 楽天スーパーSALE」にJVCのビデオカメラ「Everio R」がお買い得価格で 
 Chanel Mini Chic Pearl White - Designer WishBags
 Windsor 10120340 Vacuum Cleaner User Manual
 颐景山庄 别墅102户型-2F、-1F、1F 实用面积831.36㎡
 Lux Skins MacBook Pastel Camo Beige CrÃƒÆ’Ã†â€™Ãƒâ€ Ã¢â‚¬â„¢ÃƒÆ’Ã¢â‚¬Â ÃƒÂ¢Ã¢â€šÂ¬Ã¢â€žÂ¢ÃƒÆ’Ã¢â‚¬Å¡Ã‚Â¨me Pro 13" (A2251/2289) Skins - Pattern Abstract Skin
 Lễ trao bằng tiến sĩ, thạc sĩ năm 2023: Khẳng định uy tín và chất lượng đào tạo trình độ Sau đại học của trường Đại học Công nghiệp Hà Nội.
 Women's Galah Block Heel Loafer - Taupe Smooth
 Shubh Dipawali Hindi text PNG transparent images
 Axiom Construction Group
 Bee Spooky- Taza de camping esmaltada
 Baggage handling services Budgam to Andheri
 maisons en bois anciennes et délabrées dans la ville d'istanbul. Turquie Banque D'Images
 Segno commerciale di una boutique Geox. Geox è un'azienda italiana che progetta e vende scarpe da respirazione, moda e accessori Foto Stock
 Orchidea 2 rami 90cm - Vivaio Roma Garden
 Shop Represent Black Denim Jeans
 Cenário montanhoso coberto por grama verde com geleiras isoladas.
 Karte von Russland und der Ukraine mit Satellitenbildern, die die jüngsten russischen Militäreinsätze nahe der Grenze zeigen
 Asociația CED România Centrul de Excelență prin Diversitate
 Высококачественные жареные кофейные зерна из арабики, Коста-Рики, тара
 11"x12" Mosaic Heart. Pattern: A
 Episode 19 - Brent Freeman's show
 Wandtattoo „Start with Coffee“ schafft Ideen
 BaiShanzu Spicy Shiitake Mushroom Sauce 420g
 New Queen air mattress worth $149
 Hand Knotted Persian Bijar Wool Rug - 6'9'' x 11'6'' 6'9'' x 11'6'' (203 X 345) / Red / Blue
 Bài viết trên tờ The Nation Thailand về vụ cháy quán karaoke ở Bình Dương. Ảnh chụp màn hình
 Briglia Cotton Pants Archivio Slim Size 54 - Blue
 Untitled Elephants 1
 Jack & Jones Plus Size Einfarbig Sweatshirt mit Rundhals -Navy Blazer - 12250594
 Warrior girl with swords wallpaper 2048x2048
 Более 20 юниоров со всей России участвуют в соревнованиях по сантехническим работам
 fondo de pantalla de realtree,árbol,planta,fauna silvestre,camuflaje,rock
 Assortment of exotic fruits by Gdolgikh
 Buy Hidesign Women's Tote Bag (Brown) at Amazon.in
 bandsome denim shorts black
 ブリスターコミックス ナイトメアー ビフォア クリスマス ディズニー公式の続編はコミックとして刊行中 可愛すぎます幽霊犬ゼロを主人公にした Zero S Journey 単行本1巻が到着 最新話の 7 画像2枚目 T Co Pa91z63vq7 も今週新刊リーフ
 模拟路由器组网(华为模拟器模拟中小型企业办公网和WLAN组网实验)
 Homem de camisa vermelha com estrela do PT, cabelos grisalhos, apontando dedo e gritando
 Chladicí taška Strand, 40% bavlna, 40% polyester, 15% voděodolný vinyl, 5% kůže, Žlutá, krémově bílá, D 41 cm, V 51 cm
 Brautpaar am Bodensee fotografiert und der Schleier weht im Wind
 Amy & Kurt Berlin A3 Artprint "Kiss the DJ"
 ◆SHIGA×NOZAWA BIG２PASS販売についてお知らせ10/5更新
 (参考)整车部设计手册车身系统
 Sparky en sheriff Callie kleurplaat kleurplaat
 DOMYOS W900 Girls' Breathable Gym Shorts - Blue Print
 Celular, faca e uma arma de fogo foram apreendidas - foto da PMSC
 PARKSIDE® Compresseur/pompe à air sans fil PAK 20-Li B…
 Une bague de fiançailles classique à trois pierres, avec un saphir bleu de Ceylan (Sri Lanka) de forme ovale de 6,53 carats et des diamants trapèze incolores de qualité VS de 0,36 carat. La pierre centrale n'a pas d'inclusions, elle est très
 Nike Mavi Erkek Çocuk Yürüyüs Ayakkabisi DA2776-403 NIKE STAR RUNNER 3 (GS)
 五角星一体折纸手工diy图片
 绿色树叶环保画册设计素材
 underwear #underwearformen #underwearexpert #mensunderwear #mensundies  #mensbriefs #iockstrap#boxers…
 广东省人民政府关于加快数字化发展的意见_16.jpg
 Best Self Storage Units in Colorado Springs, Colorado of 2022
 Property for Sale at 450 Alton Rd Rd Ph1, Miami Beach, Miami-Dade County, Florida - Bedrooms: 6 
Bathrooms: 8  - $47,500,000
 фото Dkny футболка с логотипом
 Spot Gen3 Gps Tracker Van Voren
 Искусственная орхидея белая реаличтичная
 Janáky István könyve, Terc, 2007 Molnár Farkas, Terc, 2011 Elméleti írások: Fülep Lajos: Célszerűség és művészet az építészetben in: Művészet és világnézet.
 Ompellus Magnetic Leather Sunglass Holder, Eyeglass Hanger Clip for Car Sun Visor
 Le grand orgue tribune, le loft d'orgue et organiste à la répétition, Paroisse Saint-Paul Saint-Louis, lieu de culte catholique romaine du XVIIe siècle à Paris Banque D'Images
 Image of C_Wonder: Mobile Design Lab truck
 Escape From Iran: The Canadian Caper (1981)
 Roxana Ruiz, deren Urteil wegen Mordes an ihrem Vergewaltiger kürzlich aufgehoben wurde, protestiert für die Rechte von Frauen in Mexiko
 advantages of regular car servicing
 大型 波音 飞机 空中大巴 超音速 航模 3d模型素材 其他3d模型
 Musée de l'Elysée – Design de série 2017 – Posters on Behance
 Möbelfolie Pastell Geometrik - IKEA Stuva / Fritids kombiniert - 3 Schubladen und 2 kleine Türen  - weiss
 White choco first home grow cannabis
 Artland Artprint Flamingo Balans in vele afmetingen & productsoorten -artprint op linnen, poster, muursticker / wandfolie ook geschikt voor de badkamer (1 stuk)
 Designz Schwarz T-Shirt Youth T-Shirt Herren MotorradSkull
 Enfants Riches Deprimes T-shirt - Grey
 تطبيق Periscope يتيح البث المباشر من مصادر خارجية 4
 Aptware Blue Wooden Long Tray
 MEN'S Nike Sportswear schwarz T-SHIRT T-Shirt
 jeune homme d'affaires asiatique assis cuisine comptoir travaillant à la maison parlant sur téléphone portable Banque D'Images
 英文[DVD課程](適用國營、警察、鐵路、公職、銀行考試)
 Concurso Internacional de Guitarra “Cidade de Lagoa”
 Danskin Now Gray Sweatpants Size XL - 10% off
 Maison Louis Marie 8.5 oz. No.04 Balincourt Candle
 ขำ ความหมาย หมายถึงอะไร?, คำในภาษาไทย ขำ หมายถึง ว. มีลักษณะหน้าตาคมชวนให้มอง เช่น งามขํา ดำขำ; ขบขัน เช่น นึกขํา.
######
Your goal: Look for "Blue" in each line of the material, then copy the lines where it is found.

Answer to the exercise:
 Hand Knotted Persian Bijar Wool Rug - 6'9'' x 11'6'' 6'9'' x 11'6'' (203 X 345) / Red / Blue
 Briglia Cotton Pants Archivio Slim Size 54 - Blue
 DOMYOS W900 Girls' Breathable Gym Shorts - Blue Print
 Aptware Blue Wooden Long Tray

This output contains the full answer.